How long do you expect the series to run? How far out have you planned?

MP: We’ve outlined, we have ideas for 15-20 issues at this point, but I mean a lot of these stories grow in the telling. And I’m totally fine with this thing going on for 30 or 40 issues. We have an endgame in mind, I’m the kind of person who need there to be an end. I do kinda know where it’s gonna end up, but who knows how many things will come in between now and then to stretch that out. It’s a fun world. Everybody’s a bad guy, and the bad guy’s usually the most interesting. So when every single person is interesting, it can go on as long as the story’s riveting. We’re kind of slow going because this isn’t Julian’s main gig. He has his own series that he’s been working on for a long time, so he and I only really work together a fraction of his writing time. I mean as long as we’re able to fund it, I mean we’ll go as many issues as we can as long as we can keep it riveting to the reader and ourselves.

You’ve got quite a bit of genres working in these two issues.  Just in the first issue alone you’ve got the horror, you’ve got the crime, you’ve got plenty of dark humor. Do you have a favorite of those genres to write?

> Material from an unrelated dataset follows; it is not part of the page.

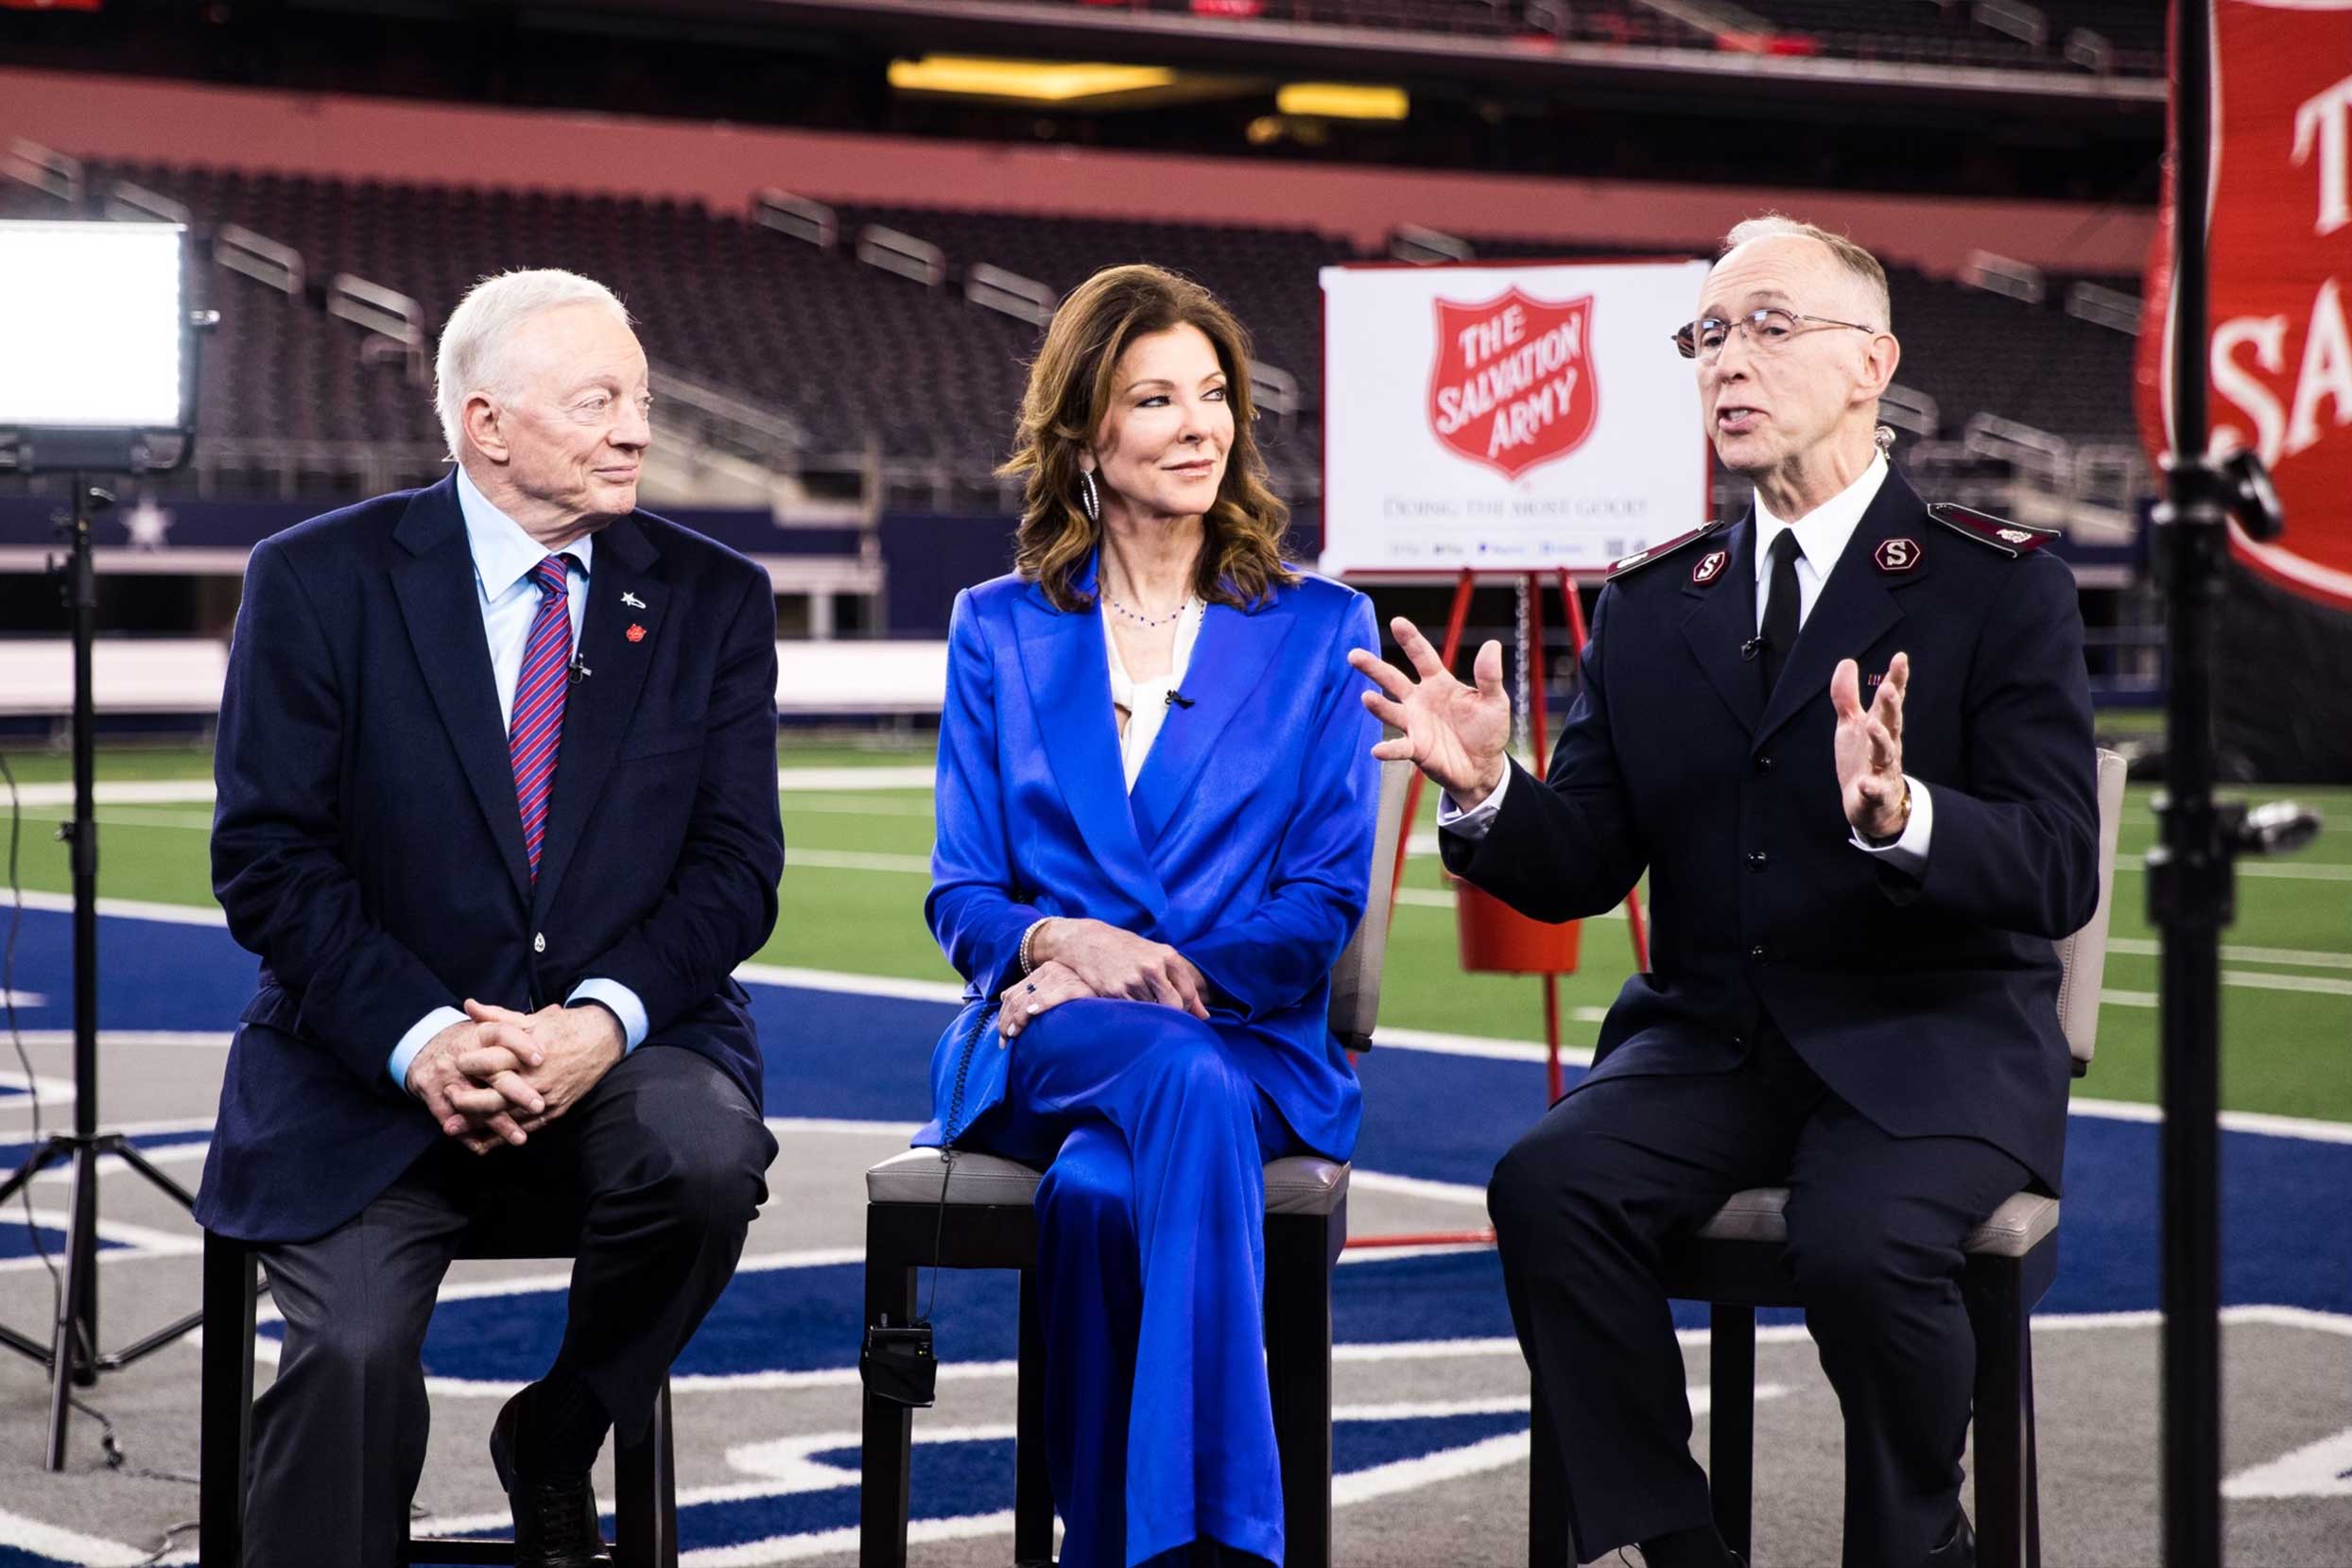 The Salvation Army and The Dallas Cowboys come together to announce the kickoff for the 132nd Red Kettle Campaign.
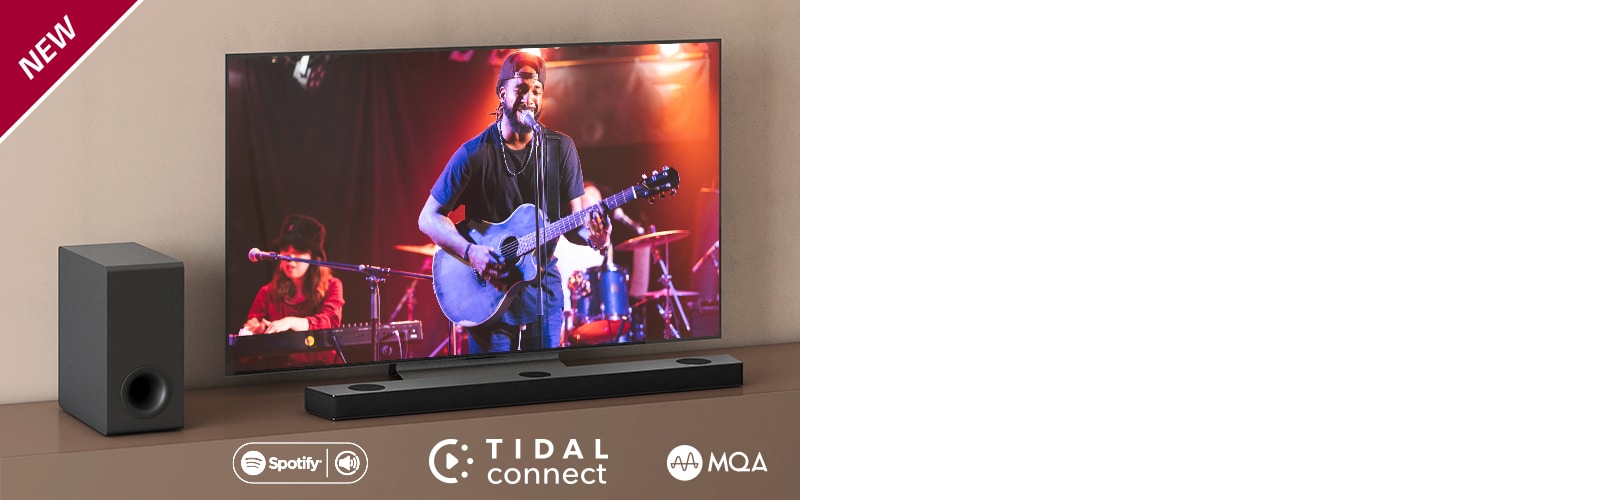 LG TV is placed on the brown shelf, LG Sound Bar S75Q is placed in front of the TV. Subwoofer is placed left side of the TV. TV shows a concerts scene. NEW mark is shown in the top left corner.

And how do you balance those darker and somewhat lighter elements?

MP: That’s definitely a tough decision to make. I love dark humor, that’s just my personality. And a lot of that actually comes out between Julian and myself, and the penciler/inker Steven Legge. He draws some things that are not in the script, and they just make us roll on the floor laughing. A lot of it is like the background demons and stuff, just that we’ve never come up with, he just must be bored one day and just doodle and add these weird demons and creatures in the background. And ’cause it’s in Hell, I mean, you just gotta kinda let it slide and go, yup I guess that thing could exist in Hell. That demon could exist in Hell, why not? Between the three of us, yeah that’s just fun kind of like creating for each other and cracking each other up. And obviously because it’s in Hell most of it’s dark humor.

Crime is always a fun thing to write. The second issue is definitely kind of an homage to the Zed in scene in Pulp Fiction, where everything just goes wrong with Bruce Willis’s attempt to escape the town. And he runs over Marsellus Wallace, I think that’s his name. And then they’re brawl comes into the wrong store. This brawl rolls into the wrong store, and they get taken hostage, everything just goes sideways from the moment Bruce Willis sees Marsellus Wallace. So the second half of issue two kinda has that feel, that everything just goes sideways in a store. Everything that could go wrong does go wrong. And I love the idea of mixing crime with mess ups that that moment in Pulp Fiction has. So maybe that’s a dark humor crossover with crime anyway. So there’s always this, I don’t know if it’s an intention or just this subconscious thing where you want there to be like cool interesting crime things happening, but it’s always fun to subvert them as well. And I guess I can thank Quentin Tarantino for that.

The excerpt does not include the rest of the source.